Winter break last year was miserable. This year, we created a better itinerary to manage a preschooler bored by long days with his middle-aged parents. Last year, boredom (us and him) and sickness (also us and him) were excruciating. This year it will be different.

Our first change was a little trip to Boston to visit the NEAQ. I figured that we would have the aquarium to ourselves since it was so close to Christmas. I took Liev out of school a day early so we could spend two nights at the neighboring Marriott. Typically, Long Wharf is beyond our budget, but the combination of seasonality and remodeling knocked the price down to affordable. This discount tipped the scale for going to Boston. Why stay at an economical but remote Holiday Inn when my getting-lost time would be tripled by bonus Christmas traffic?

Our drive was minimally plagued by route recalculations and GPS echolalia. Good news, but the cold wind and new experience made Liev bawl as the doorman unloaded our luggage. The next hours were a jumble of whining, bossiness, and elevator rides, punctuated by malfunctioning electronics. I brought a portable DVD player since familiar programs lessen his anxiety. However, it could not be hooked up to the TV, which resulted in two service calls.
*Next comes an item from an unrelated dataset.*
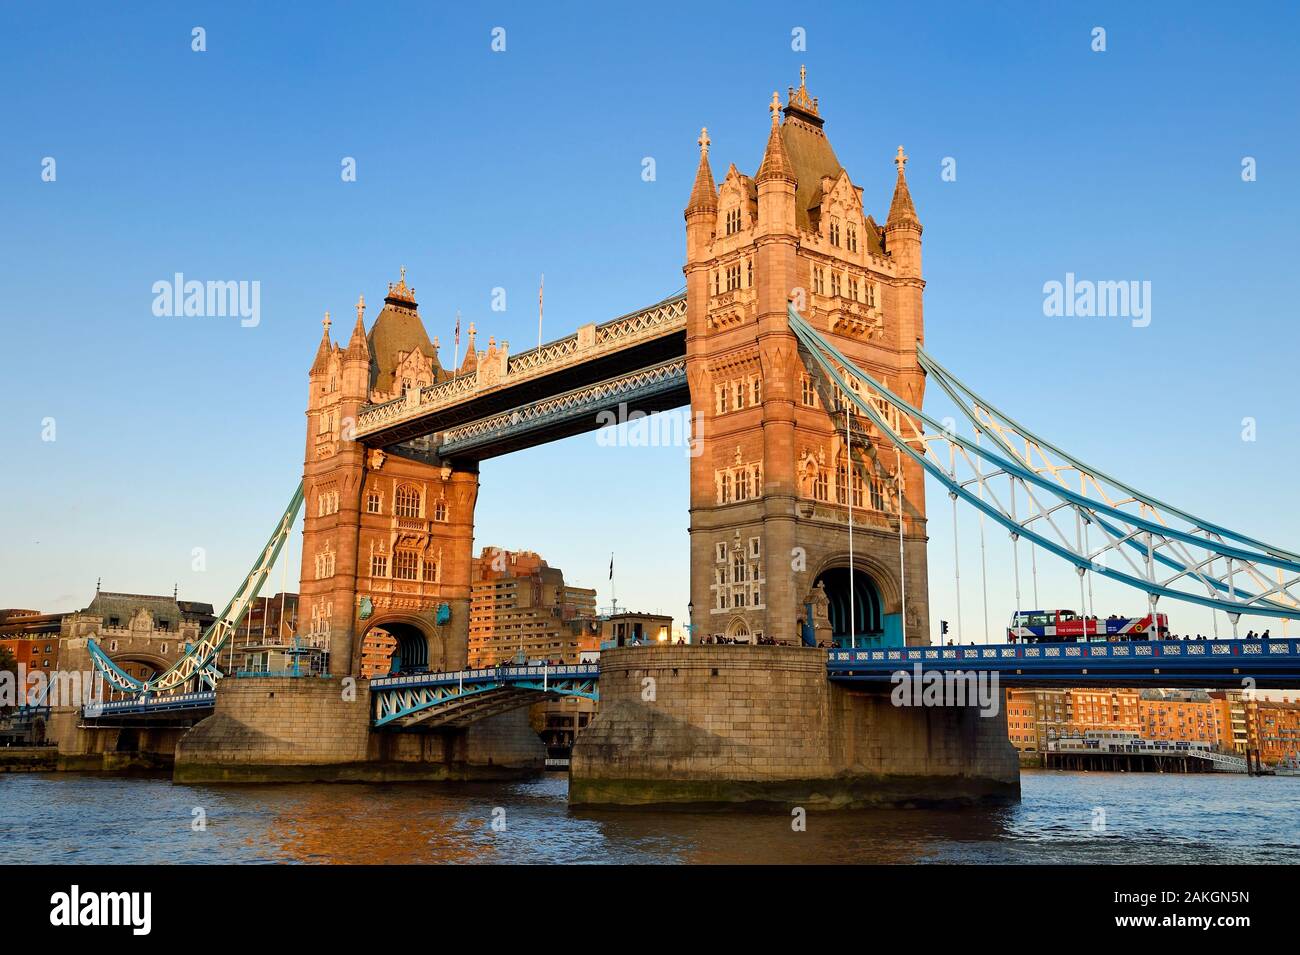 United Kingdom, London, Tower Bridge, swing bridge across the Thames, between the districts of Southwark and Tower Hamlets Stock Photo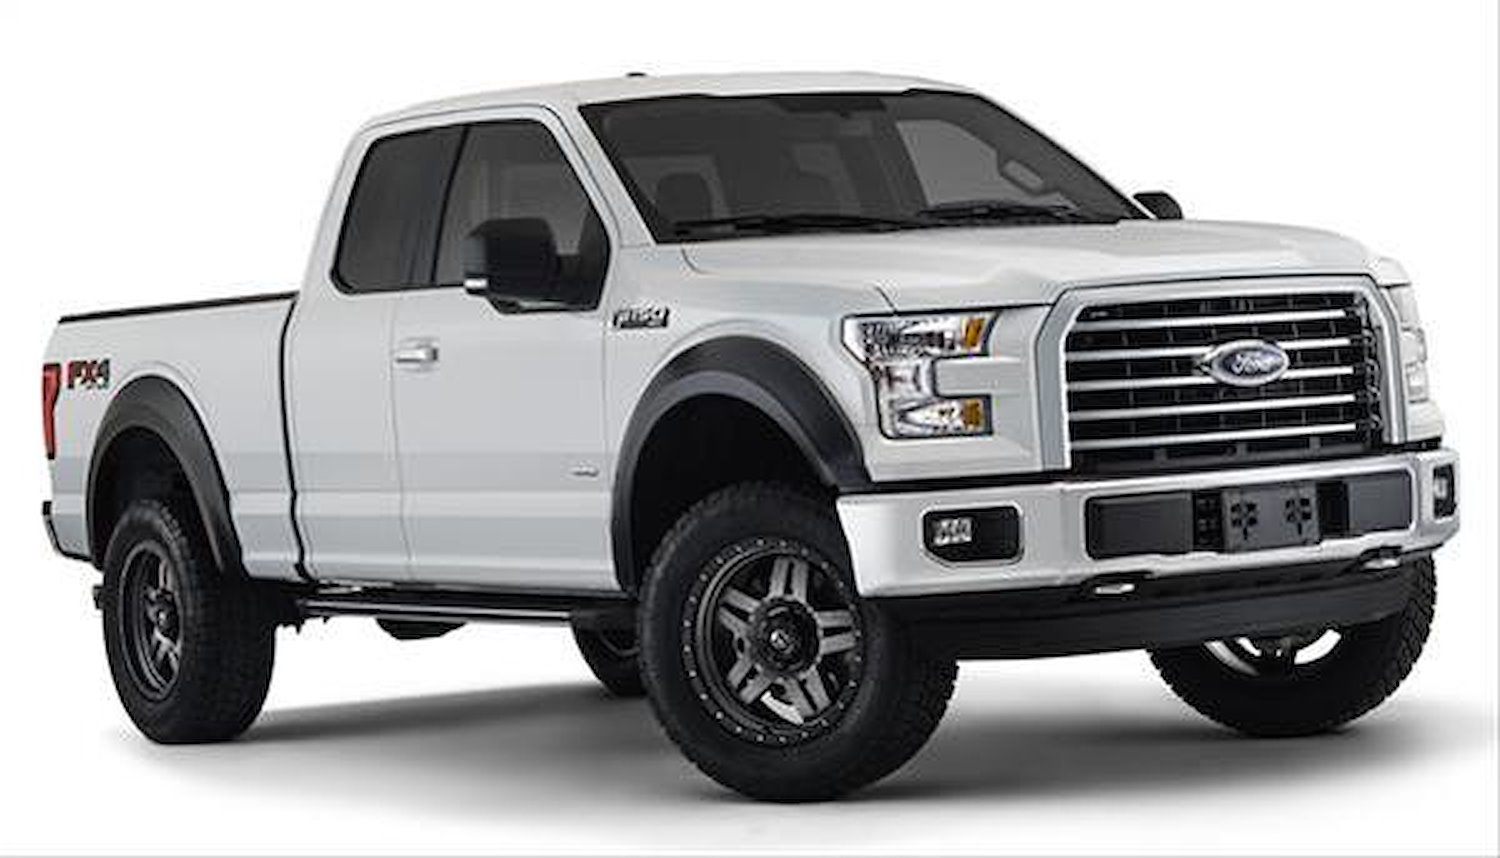 Extend-A-Fender Flares 2015 Ford F150

Liev objected to the intrusion so rudely I told the second repairman about Liev’s autism. He gave me a weary smile and said, “My daughter has it too. She’s eight now. It gets better over time.” Judging from his demeanor and grim survey of Liev, the unspoken part of our interchange was, “Why did you bring your son here to come unglued?” I guess my unspoken reply was, “Change of scenery, Buddy.”

Liev settled down after flinging a few DVDs across the room and eating a less than adequate lunch. Soon after, we went to the aquarium and had a blast. Despite the squirming and complaining, he appreciated the aquarium more than in the past.  The fish and penguins delighted him. Jabbering enthusiastically, he ran up and down the central spiral ramp, chirping, “Hi fishy! Look! They’re swimming!” He was so bright active and joyous; I chalked his previous fussing up to nerves. In an hour, he ran out of steam, but our trip was a definite success.